Begitu masuk, kondisi toilet sudah sepi. Hanya ada satu bilik toilet yang pintunya tertutup. Ia yakin kalau di sanalah Aruna. "Ar, kamu di dalam?" tanya Alula sambil mengetuk pintu.

"Iya, Al."

"Kok lama? Kamu ngapain?"

"Perutku sakit banget, Al."

"Yaudah, aku tungguin di sini deh. Biar kamu nggak sendirian."

"Papi di mana?" tanya Aruna dari dalam bilik toilet.

"Nunggu di depan."

Pintu terbuka, Aruna berjalan keluar dengan kepala tertunduk.

"Kenapa?" tanya Alula memperhatikan Aruna dari ujung kepala sampai ujung kaki. "Kamu kenapa?" tanyanya lagi dengan nada suara khawatir.

Aruna melihat ke sekeliling. Ketika mendapati keadaan toilet yang sepi, akhirnya ia menjawab dengan suara pelan. "Perutku sakit banget. Tadi aku mencret."
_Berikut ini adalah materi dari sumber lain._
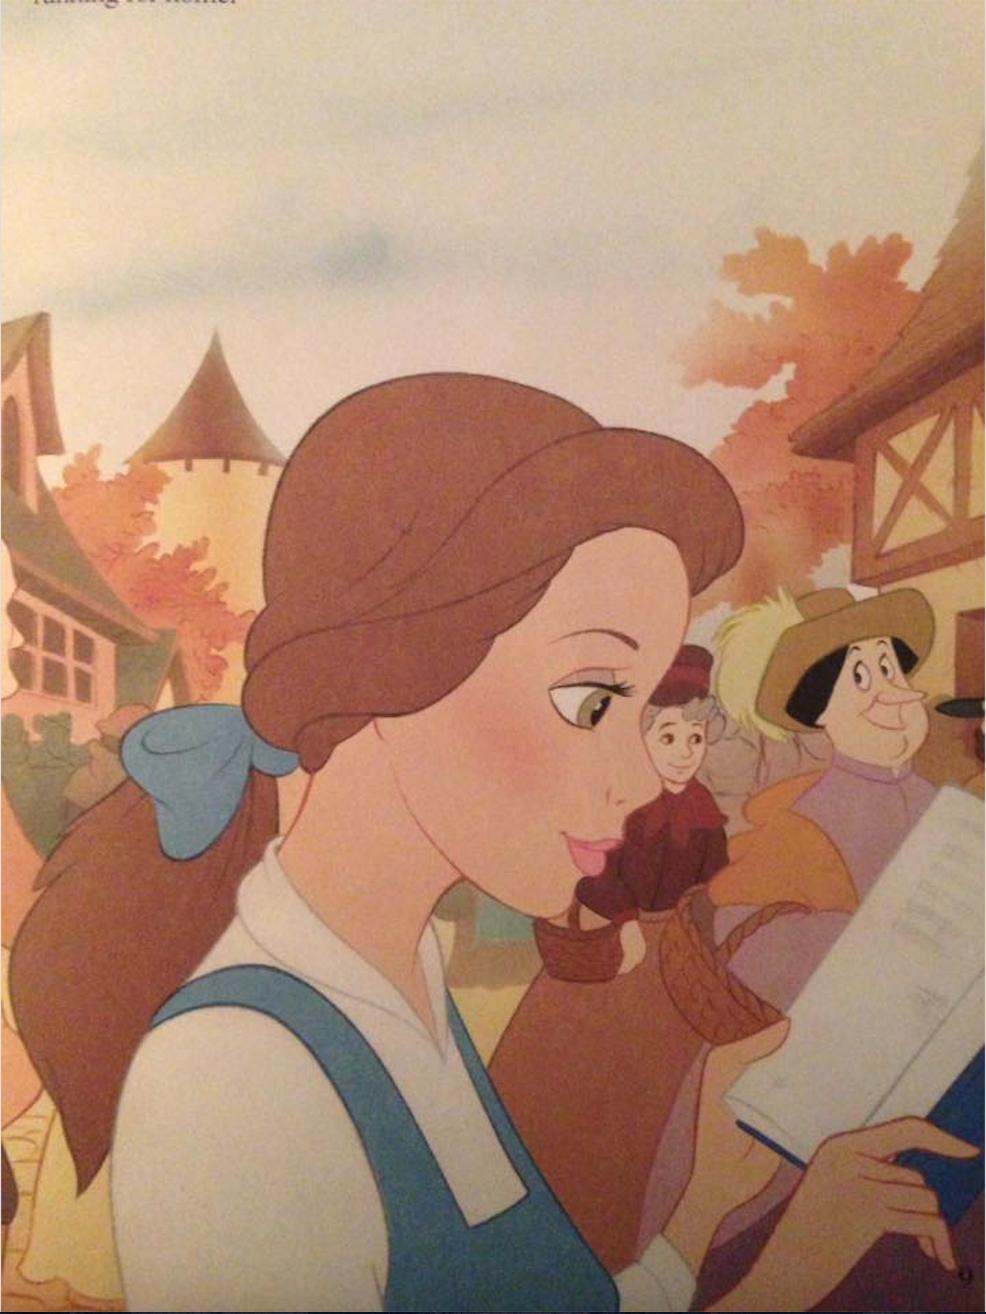 Belle Reading Her Book In The Village 美女と野獣 画 ディズニー

"Mencret?!" pekik Alula yang mulutnya langsung dibekap oleh Aruna. Ia menyingkirkan tangan Aruna dari mulutnya. "Kamu belum cuci tangan, bodoh!" serunya panik.

Aruna nyengir lebar dengan wajah tanpa dosa. Kemudian ia mencuci tangannya di wastafel.

"Kalo kamu sakit perut, kita pulang aja deh. Nggak usah dilanjut jalan-jalannya," ucap Alula sambil bersandar di dinding, memperhatikan Aruna yang sedang mengeringkan tangan dengan tisu. "Lagian kita udah belanja banyak baju. Mending kita pulang aja," lanjutnya.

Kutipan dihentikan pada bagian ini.